Они поспешили обратно в детдом, искренне надеясь, что случай с браслетом обойдётся без последствий. Уже перед самым забором Пашка, неосторожно потеряв бдительность, уточнил у Милы:
– А ты точно не брала этот дурацкий браслет? – на что подруга одарила его таким взглядом и так сильно разобиделась, что он потом ещё несколько дней не мог вымолить у неё прощение.
Первое время они продолжали бояться, что по их душу вот-вот явятся, но миновал один день, за ним другой, потом неделя... а никто так и не пришёл предъявлять претензии по поводу стыренного серебряного украшения.
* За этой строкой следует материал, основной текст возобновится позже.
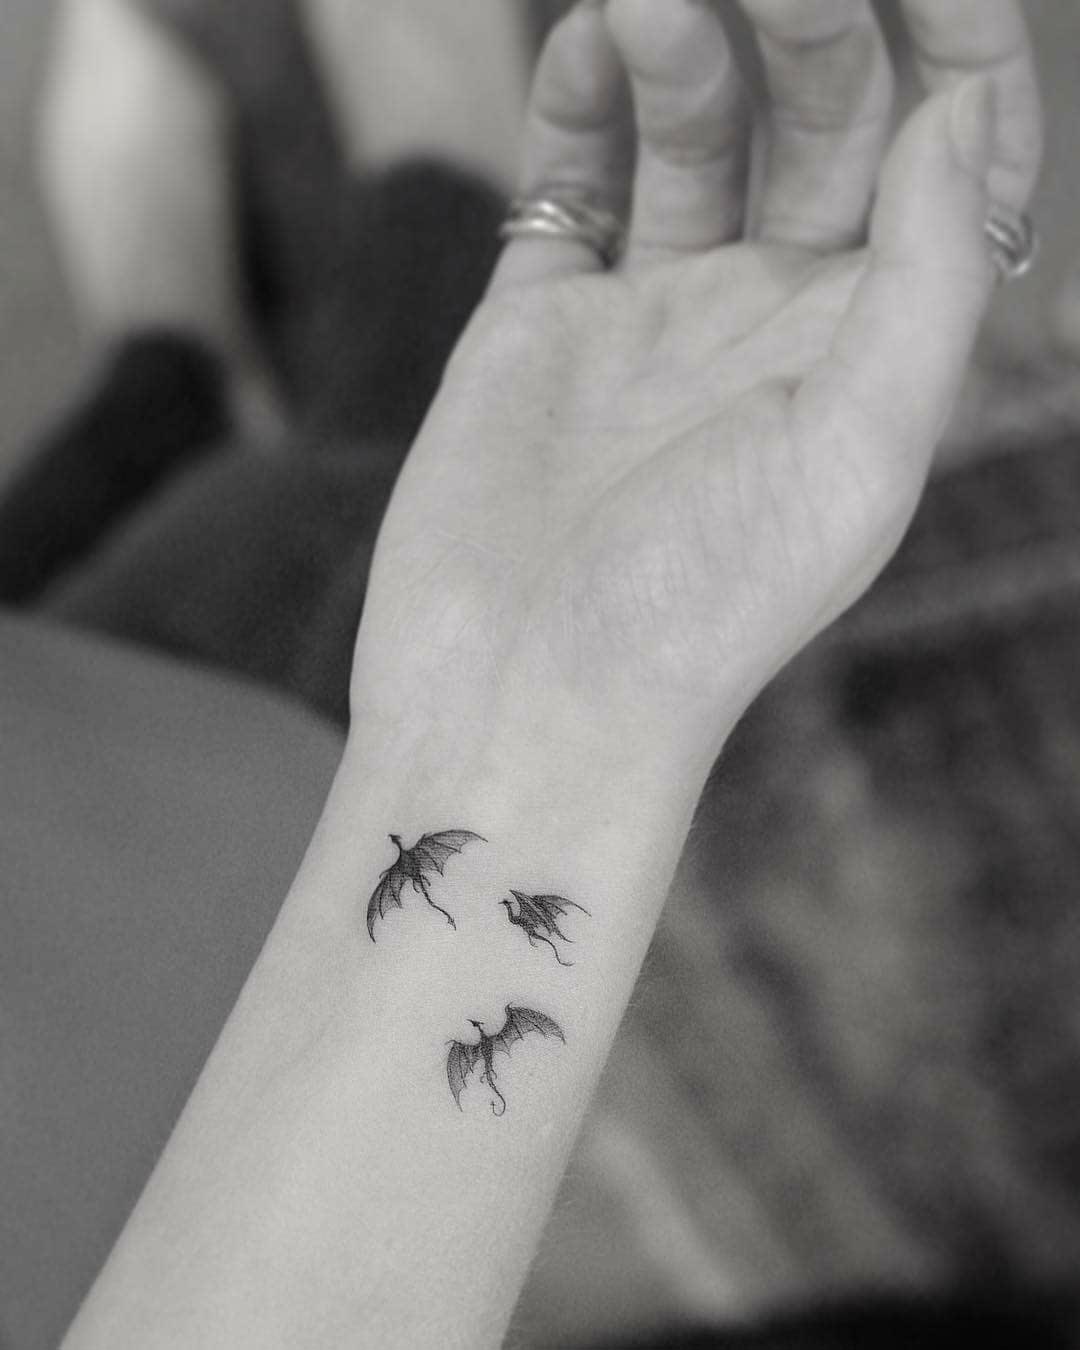 wrist tattoo dragons

Вероятнее всего, удалось то ли найти пропажу, то ли вообще поймать настоящего вора.
А когда они оба уже совсем-совсем расслабились и практически забыли об этом происшествии, Пашку вдруг вызвали к директору прямо посреди урока.
___________________________
* Гранд жете ан аван (от фр. Grand Jete en Avan) – в балетной терминологии прыжок с одной ноги на другую, в котором ноги раскрываются вперёд в шпагате.
19. 17
Москва, 2017 год
Где-то через час после начала банкета Павел понял, что с него хватит. Всё, что можно было обсудить относительно премьеры – уже обсудили, точнее перетёрли по сто миллионов раз, народ наконец расслабился и принялся просто методично напиваться, перемывая кости коллегам. Артём в который раз попытался подкатить к Тоне Городецкой, их бывшей однокурснице – он ещё во время учёбы неровно к ней дышал. Тоня, как и он, танцевала в кордебалете, отличалась лёгким смешливым нравом и полным отсутствием карьерных амбиций, относилась к парню тепло, по-дружески, но всё-таки не отвечала взаимностью. Артём страдал по Городецкой уже несколько лет – то ли в шутку и немножко “на публику”, то ли всерьёз, Павел и сам не мог толком разобраться в чувствах друга. В любом случае, Нежданову сейчас было явно не до него...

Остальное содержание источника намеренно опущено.